A.S. Watson Group is the retail arm of Hong Kong-based CK Hutchison Holdings (CKHH). It operates a number of retail brands, including Watsons, Superdrug, and The Perfume Shop across Asia, Europe and the Middle East.
According to the firm’s financial figures for the first half ending June 30, revenue increased by 3% to HKD84.9bn (USD10.8bn). EBITDA and EBIT decreased by 10% and 12% respectively.
The group was impacted by the major city lockdowns in China that started in March.
“If you look back at the COVID situation, China was relatively stable in January and February this year. However, the situation rapidly deteriorated in March, resulting in the largest and most severe outbreak. Many cities across China were partially or fully locked down for weeks or even months,” said Dominic Lai, deputy managing director of CKHH and group managing director of A.S. Watsons Group.
The situation impacted A.S. Watsons gravely, with around 14% of its stores forced to close temporarily.
“At its peak, almost 600 of our stores [in China] were temporarily closed, as well as some of our warehouses, as a result, it led to a 30% footfall decline. And in terms of sales, total sales for the first six months of the year, including online sales have dropped hefty 17% year on year, thus resulting a 60% decrease in EBITDA,” said Lai.
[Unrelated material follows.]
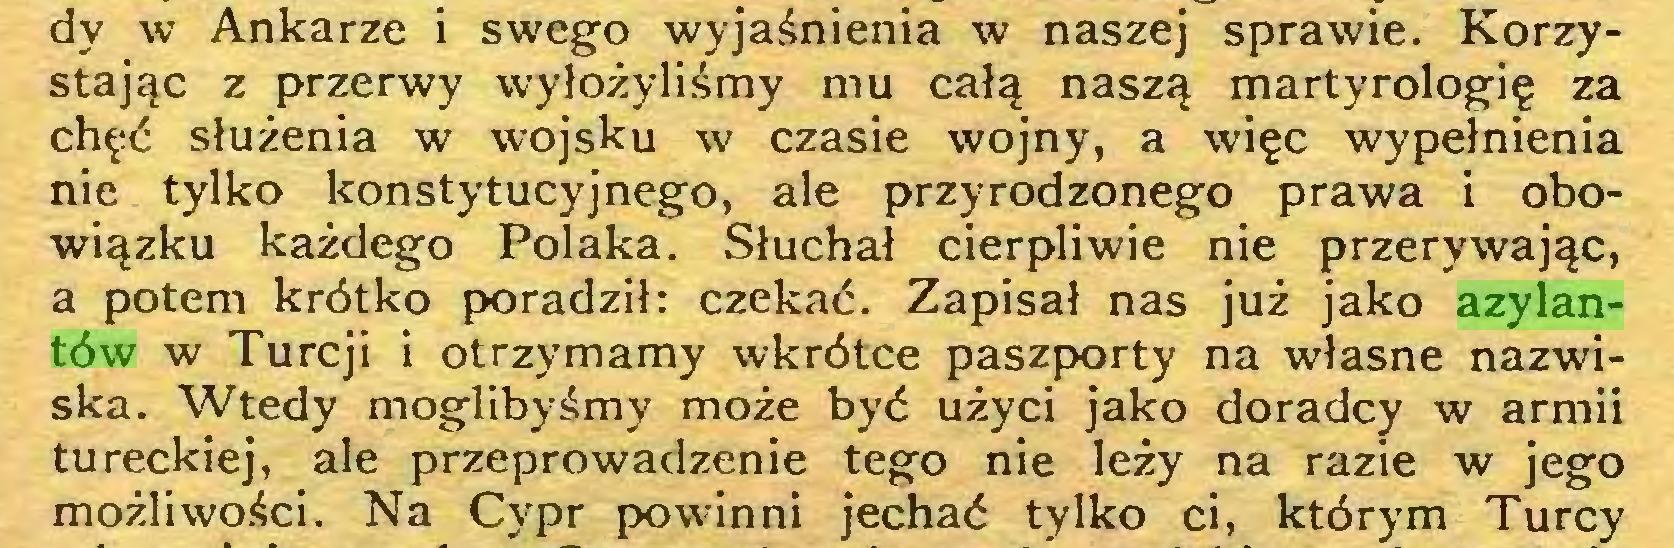 (...) dy w Ankarze i swego wyjaśnienia w naszej sprawie. Korzystając z przerwy wyłożyliśmy mu całą naszą martyrologię za chęć służenia w wojsku w czasie wojny, a więc wypełnienia nie tylko konstytucyjnego, ale przyrodzonego prawa i obowiązku każdego Polaka. .Słuchał cierpliwie nie przerywając, a potem krótko poradził: czekać. Zapisał nas już jako azylantów w Turcji i otrzymamy wkrótce paszporty na własne nazwiska. Wtedy moglibyśmy może być użyci jako doradcy w armii tureckiej, ale przeprowadzenie tego nie leży na razie w jego możliwości. Na Cypr powinni jechać tylko ci, którym Turcy...

Dampened consumer sentiment
Lai highlighted that consumer sentiment was also impacted by the COVID-19 outbreak.
“Consumer sentiment in the country was for sure affected because we see similar shopping mall traffic drops both in infected cities and in cities not impacted. Whether the city is affected or not, we see similar footfall drops in the malls. So, in our view, it is a sentiment thing as well.”
While the company expects things to improve in the next half of the year, Lai highlighted that the company still expects some challenges, including the recovery of consumer sentiment.
“We expect the second half performance to improve with the easing of movement restrictions and we have already seen some improvement after we opened Shanghai. But the condition I must say is still challenging as the recovery of consumer sentiment will take some time.”
In response to this, the company will leverage its strengths in its online + offline model and customer relations management.
When the going gets tough
Victor Li, chairman and group co-managing director of CKHH added that while the firm is facing difficulties in China, it has a competitive advantage over its competitors.
“The situation being tough in China is not a secret. It's not only affecting us it will be affecting also our competitors. But our competitors will also have additional problems of potential cash flow and morale issues. Whereas the Watsons Group in China would have the support of the whole Watsons Group with international business and also all of CKHH.
“In terms of relative competitive position, when things get tough, is actually to some extent, beneficial to our competitive advantage.”